Fortunately there is a better way to to this. If we could use a mutable object in the loop instead we could just keep adding to it avoiding all this object creation. The .NET Framework provides a type just for this purpose, System.Text.StringBuilder. With some small modifications to the code we can use this instead.

private static string BuildString()
{
  var sb = new System.Text.StringBuilder(100_000);
  for (var i = 0; i < 100_000; i++)
  {
    var append = (char)('a' + i % ('z' - 'a' + 1));
    sb.Append(append);
  }
  return sb.ToString();
}        

The numbers

I did some measurements using the two different approaches above. In figure 1 below you can see the memory allocations.


Figure 1. Memory allocations

The ”Exclusive Allocations” column shows how many allocations of managed memory that was done in the methods. As expected in the method using String.Concat there were 100 000 allocations. Interestingly an additional 199 999 allocations are added by String.Concat.

In the method using StringBuilder there is only a single allocation, and only two additional are added by calls to other methods (one allocation in the StringBuilder constructor and a second one in the ToString method.

I also measured the time it took to execute the two different implementations. The String.Concat version took 1.3 seconds to run while the StringBuilder version took 1.0 milliseconds. That is 1 300 times faster.

Conclusion

Memory allocation and Garbage Collection are expensive operations. As can be seen in the case above it can be difficult to determine if a piece of code will perform good or bad without knowledge of the underlying implementation (in this case how strings are implemented in the .NET Framework). Many insights when it comes to performance comes with experience.

Also, remember that in almost all cases code readability is much more important than blazing fast performance. Do not try prioritize optimization over readability unless you know you need to. However, there are cases when the code can be both clear and perform well. Try to aim for that.

C# Collections – Non-generic or Generic?

Non-generic- vs generic collections

When coding in C# you will pretty soon encounter Collections (Lists, Queues, Stacks, and so on). As soon as you wish to use a Collection of some sort you will have the choice of using one from the System.Collections namespace or one from the System.Collections.Generic namespace. The most commonly used Collection is the List and the non-generic version of List is the ArrayList.

Using the non-generic version forces you to cast the objects into the correct type.
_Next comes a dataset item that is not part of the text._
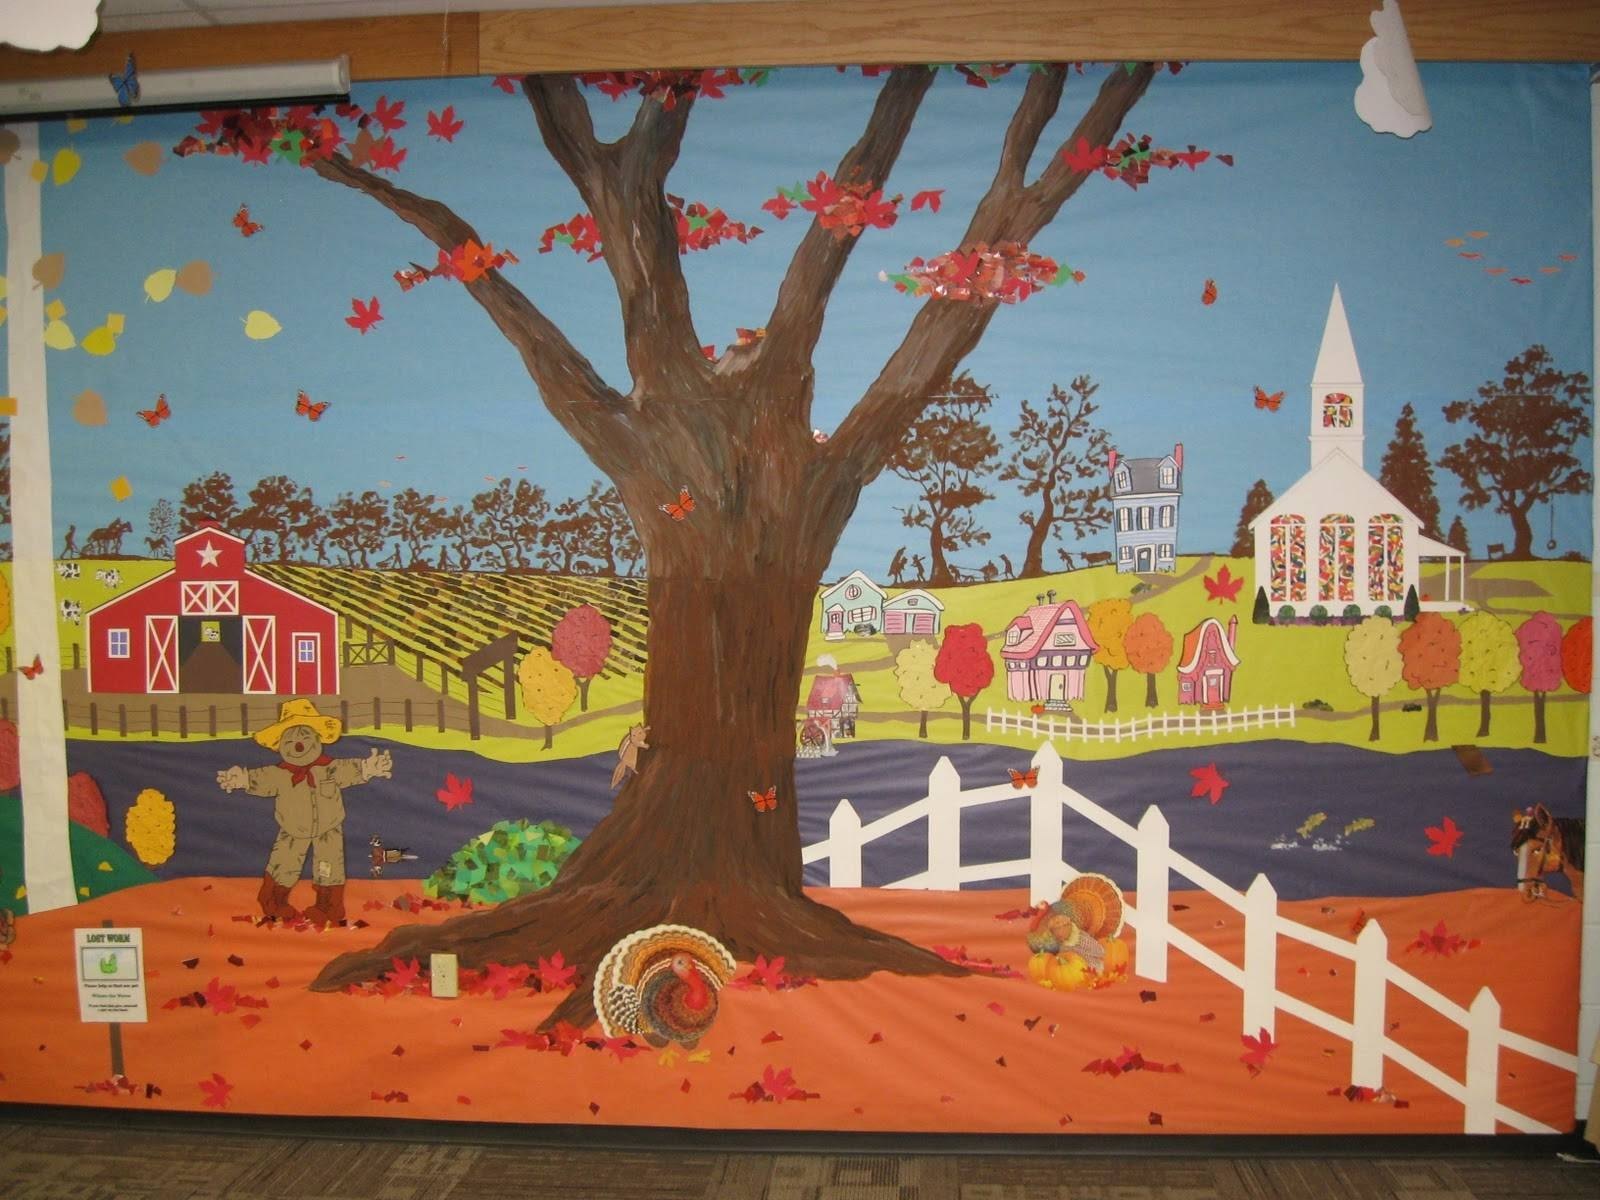 Autumn Classroom Bulletin Board Ideas With Regard To Latest Preschool Wall Art (Gallery 23 of 30)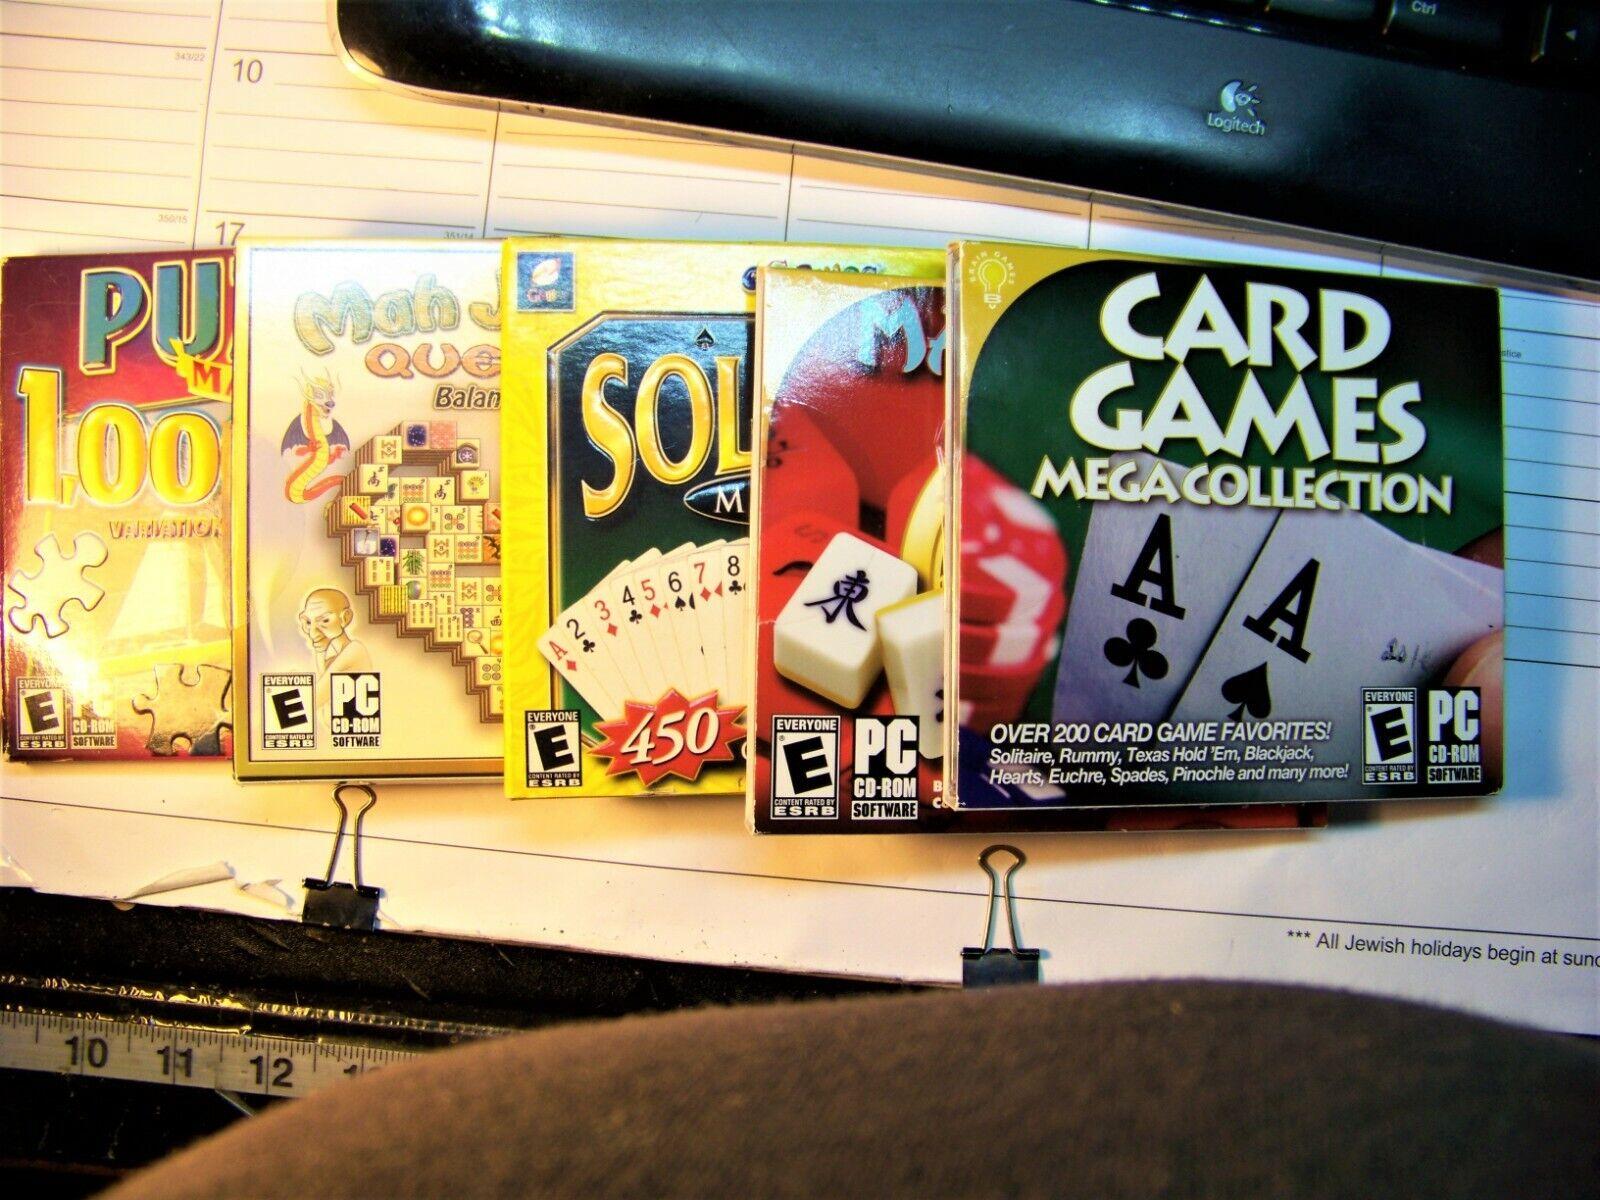 Computer Games - LOT OF 5, VARIOUS COMPUTER GAMES

ArrayList l = new ArrayList { new MyType() };
...
// MyType t = l[0]; This won't compile
MyType t = (MyType)l[0]; // But this will
MyOtherType t2 = (MyOtherType)l[0]; // Unfortunately this will also compile

As can be seen in the code above the non-generic ArrayList is error prone. There is no compile time check whether you mistakenly cast to the correct type or not. The generic version of ArrayList is List<T>. Using this forces you to define the type of objects the list will contain already when creating the list, and the static code analysis tools and compiler will give you errors if you misuse the type.

var l = new List<MyType> { new MyType() };
...
MyType t = l[0]; // Now this compiles fine
MyType t2 = (MyType)l[0]; // This also works fine, but the cast is not needed
// MyOtherType t3 = (MyOtherType)l[0]; This won't compile

So, no unboxing and boxing, no need to help the compiler understand what types of objects the list holds, no runtime errors due to incorrect casts.

Now, List is only one of many Collection types in the System.Collections.Generic namespace, you will find generic versions of all the non-generic Collections. My advice is to simply pretend that the non-generic Collection types doesn’t even exist, and use the generic ones, always.